Esdras Sundfeld afirma que, no caso do biodiesel, atualmente, a matéria prima mais utilizada é o óleo vegetal de soja. “No Brasil, toda a demanda de nitrogênio para cultivo da soja é atendida pela FBN e, portanto, não se usa fertilizante nitrogenado na cultura de soja”, diz.

Na mesma linha, Ennio Peres da Silva ressalta que a produção de biocombustíveis no Brasil é bastante natural, usando técnicas de plantio sem grande impacto ambiental. “Nós sabemos de longa data que nossa produção de matérias-primas para os biocombustíveis – como a cana-de-açúcar – emprega processos “soft” (se comparados à produção em outros países como os Estados Unidos). Os nossos processos tem baixíssimo impacto ambiental”.

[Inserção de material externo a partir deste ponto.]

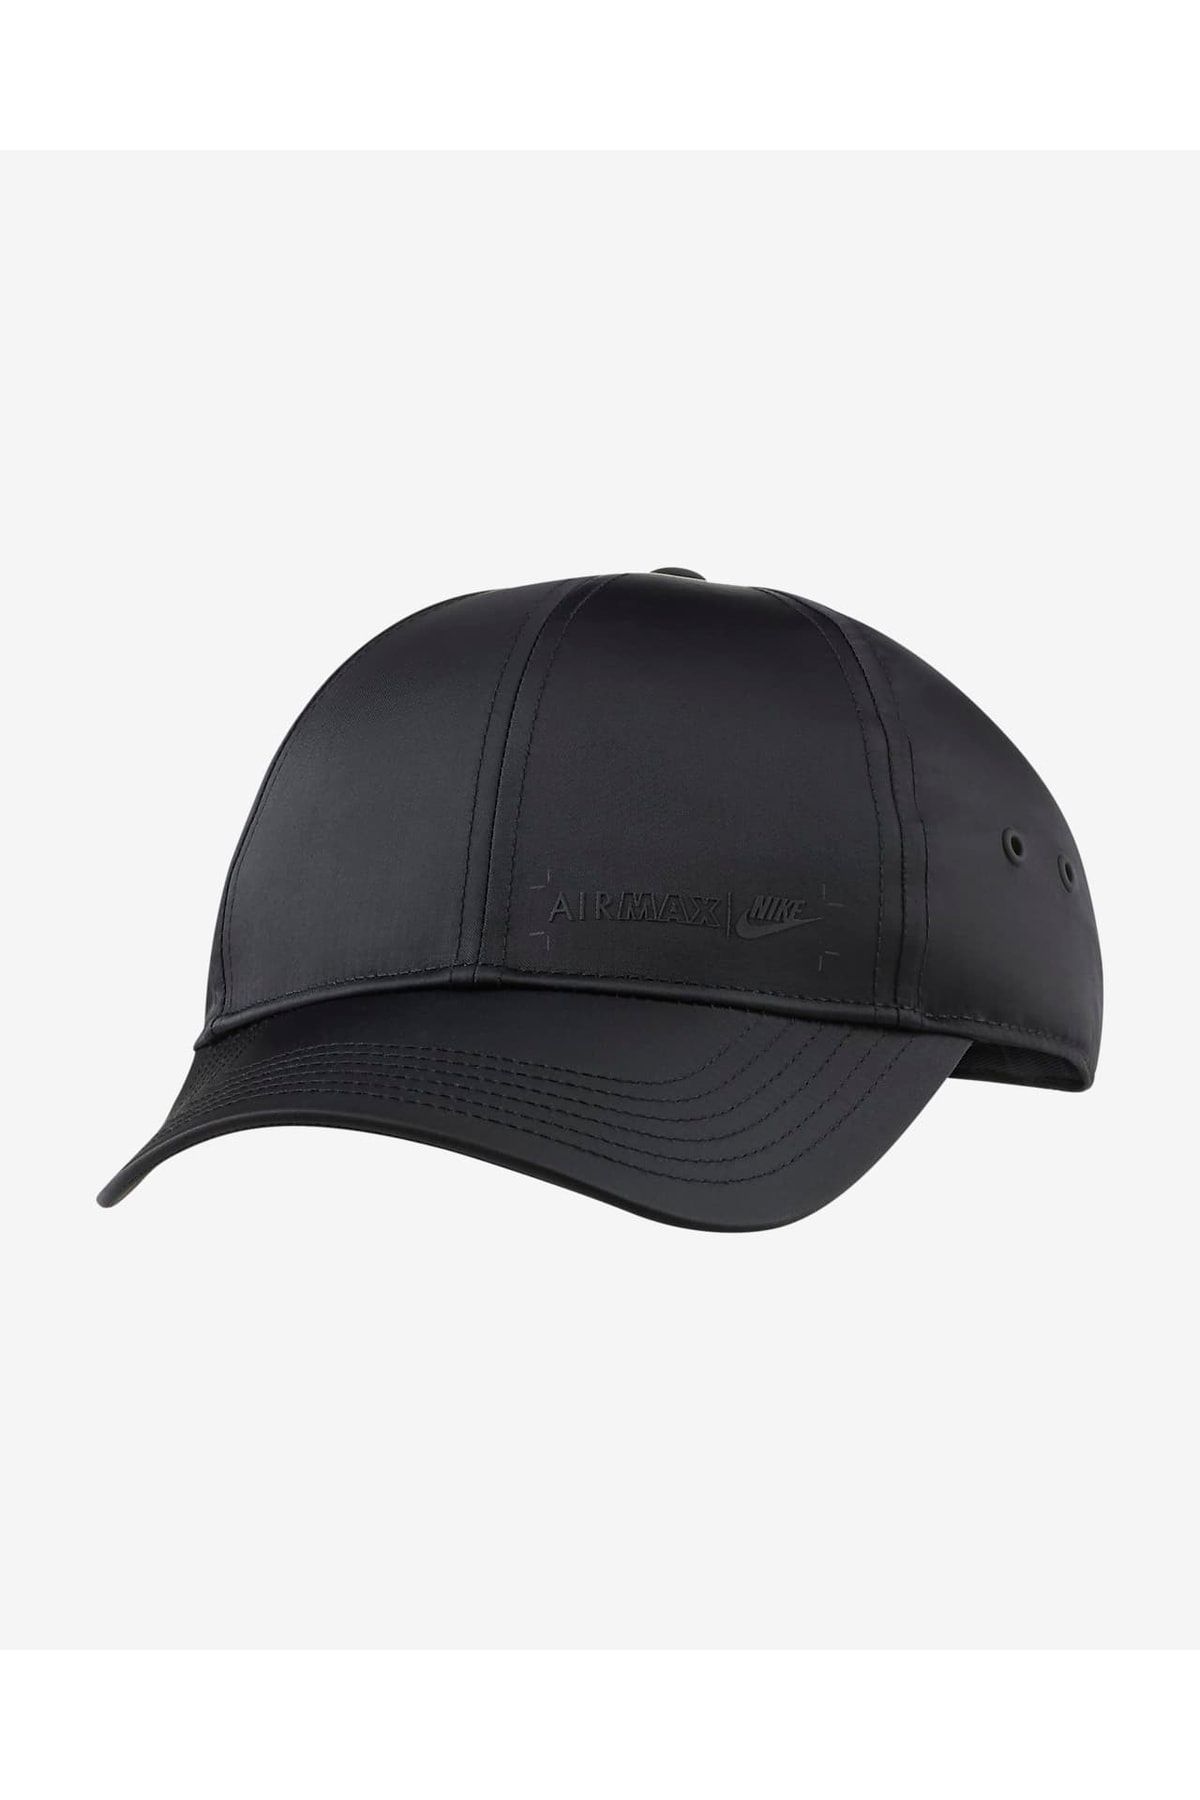 Nike Air Max Legacy91 Kids' Adjustable Hat - Black

De acordo com os pesquisadores, os resultados favoráveis ao biocombustível se mantém em grande escala, se for considerada uma produção nos moldes da que é realizada no Brasil. As culturas de milho e canola – utilizadas como matérias-primas para biocombustíveis nos Estados Unidos e países da Europa, respectivamente – produzem menos por hectare em relação à cana-de-açúcar ou à soja que são utilizadas no Brasil e demandam mais insumos agrícolas como fertilizantes com nitrogênio, que produzem o N2O.

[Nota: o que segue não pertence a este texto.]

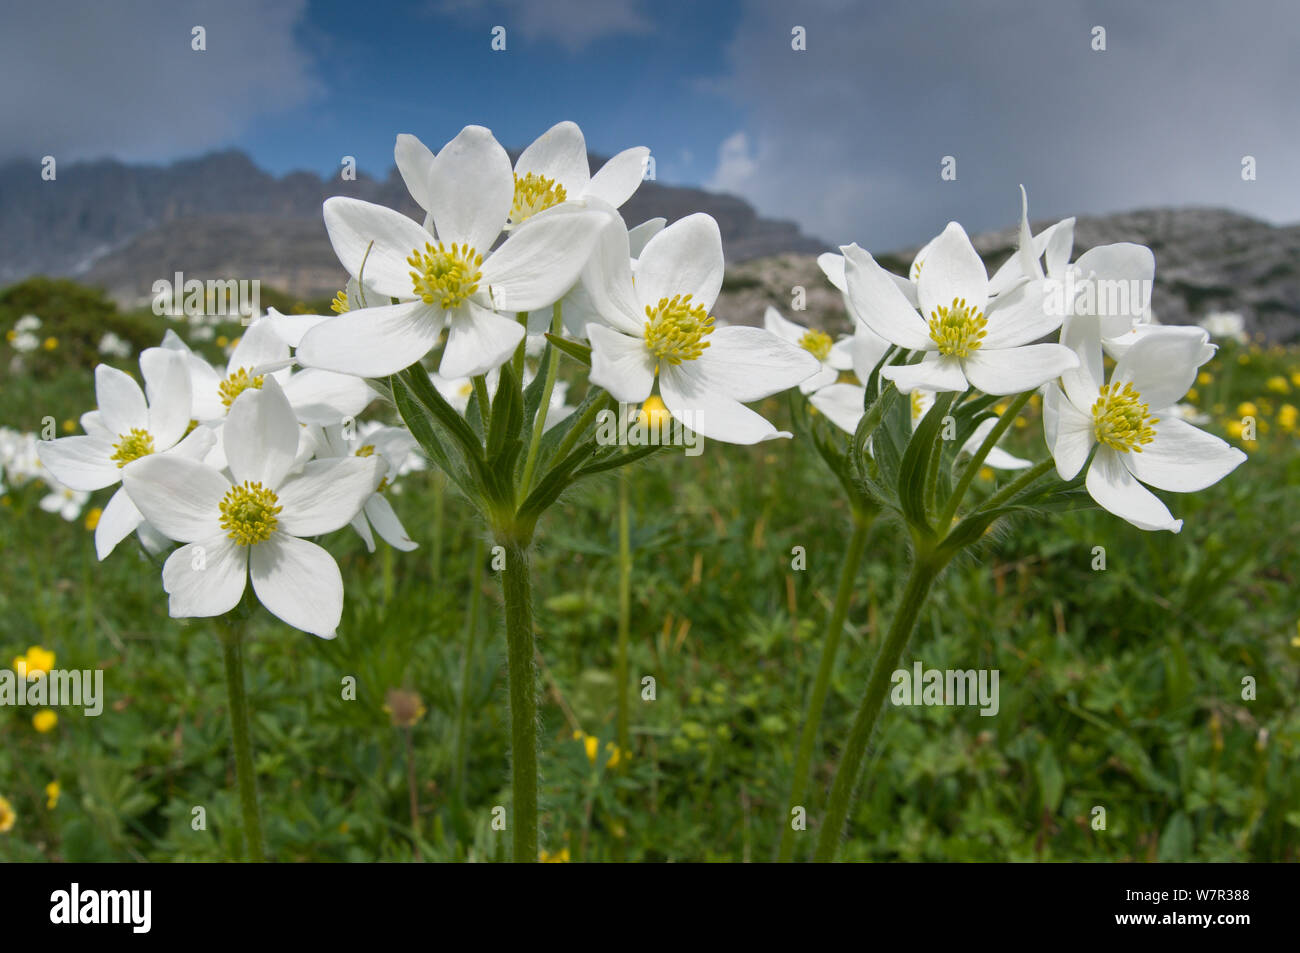 Narzisse Blüten Anemone (Anemone narcissiflora) in Blume, Monte Spinale, alpine Zone, Madonna di Campiglio, Dolomiten, Italien, Juli Stockfoto

Novas tecnologias em biocobustíveis

Mesmo com os resultados favoráveis, os pesquisadores do Brasil – e do mundo – têm consciência quanto a possíveis problemas como as emissões de N2O. Assim sendo, novos estudos buscam tecnologias que mantenham o biocombustível como uma das fontes de energia renovável com melhor resultado no que diz respeito às emissões de gases causadores do efeito estufa.

Entre as alternativas que a ciência já aponta, está a produção de etanol a partir da celulose, utilizando o bagaço resultante da produção de papel que hoje é queimado.

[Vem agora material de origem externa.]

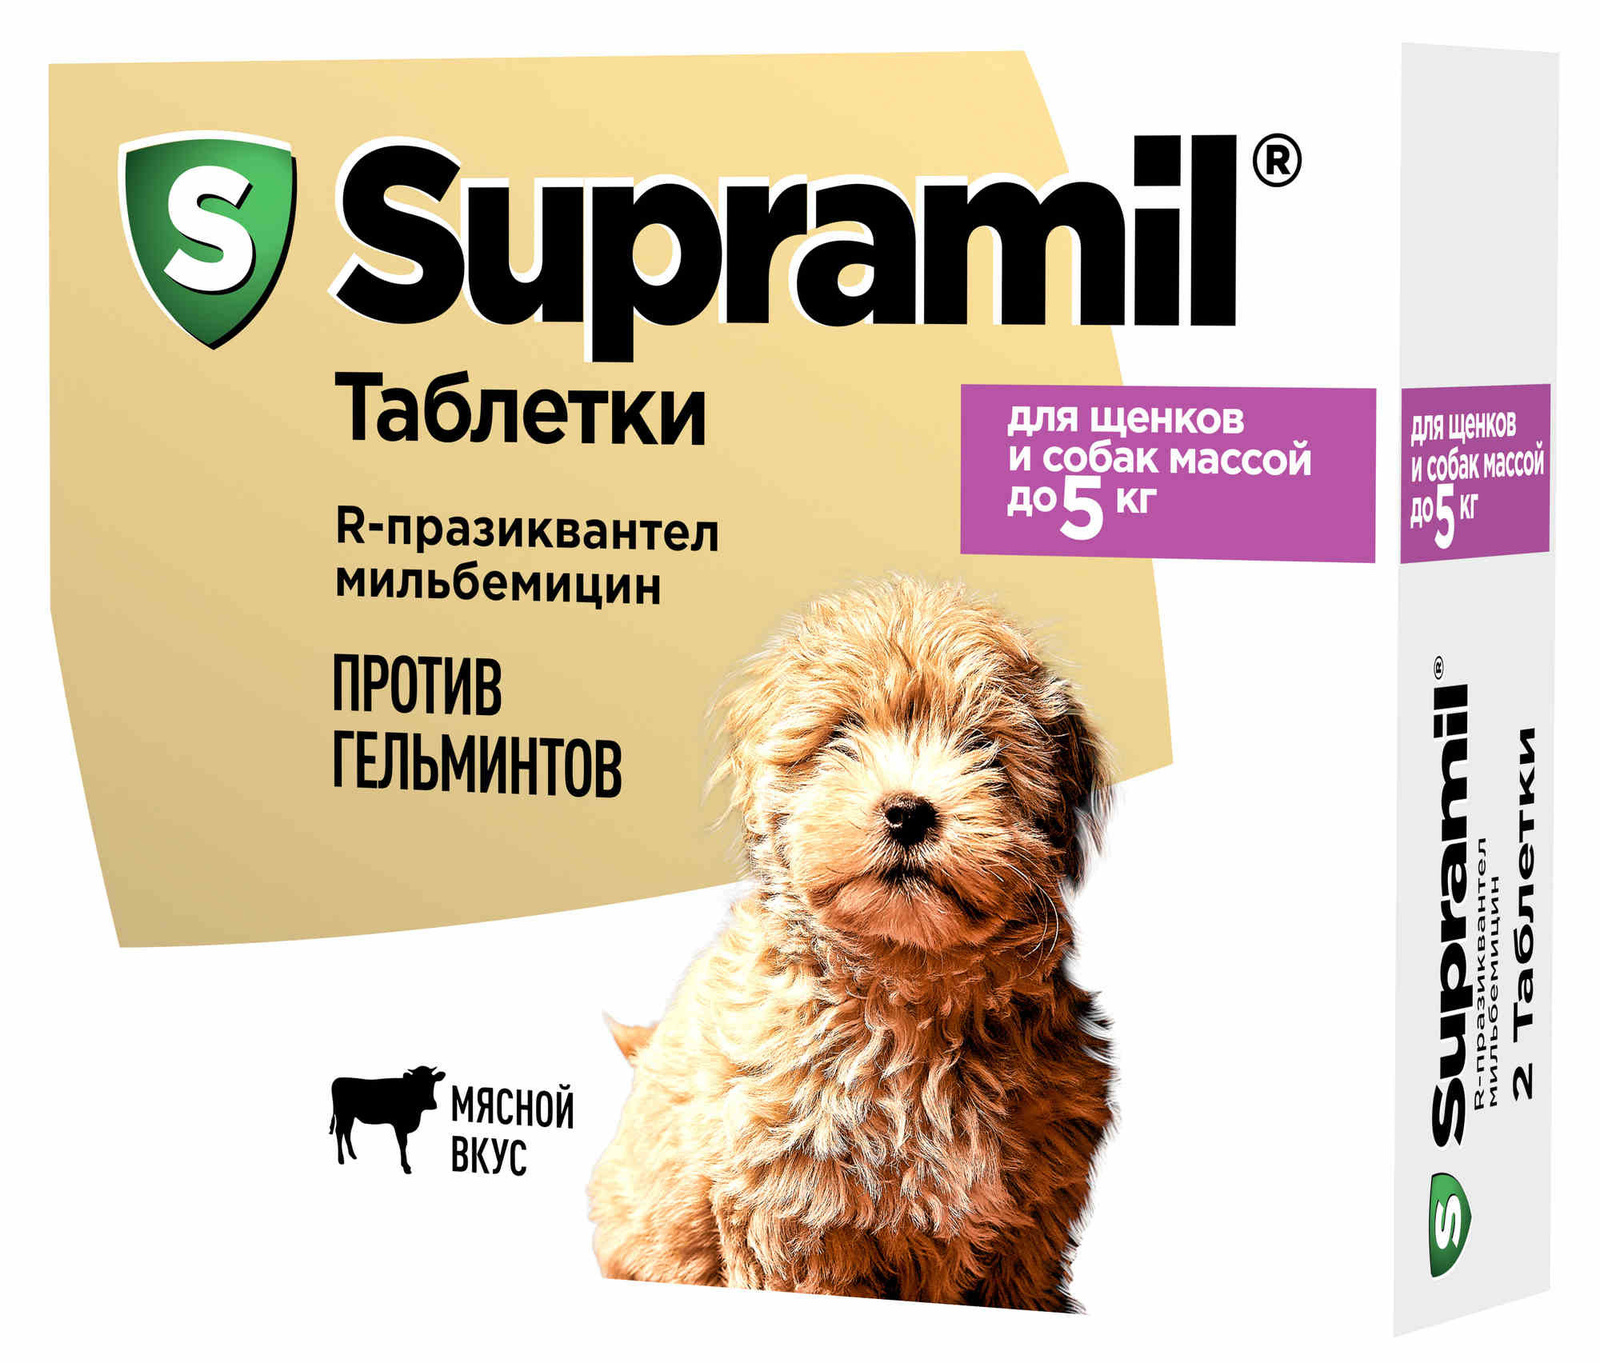 Астрафарм антигельминтный препарат Supramil  для щенков и собак массой до 5 кг, таблетки (2 таб.) Астрафарм антигельминтный препарат Supramil  для щенков и собак массой до 5 кг, таблетки (2 таб.) - фото 1

O professor Ennio Peres da Silva afirma que a produção de etanol com celulose ainda não é realizada em grande escala por sua inviabilidade econômica. Porém, com o desenvolvimento de tecnologias de produção, esta é uma alternativa iminente.

Outra alternativa que já está em desenvolvimento por uma empresa britânica é a produção de etanol a partir de lixo biodegradável. Segundo a empresa química Ineos Bio, esta produção será possível em escala industrial dentro de dois anos.

Além das novas possibilidades, a Embrapa busca aumentar o rendimento de biocombustíveis por hectare nas matérias-primas já utilizadas, realizando estudos com variedades de plantas como a cana-de-açúcar. Além disso, novos sistemas de produção mais eficientes estão em desenvolvimento pela Empresa.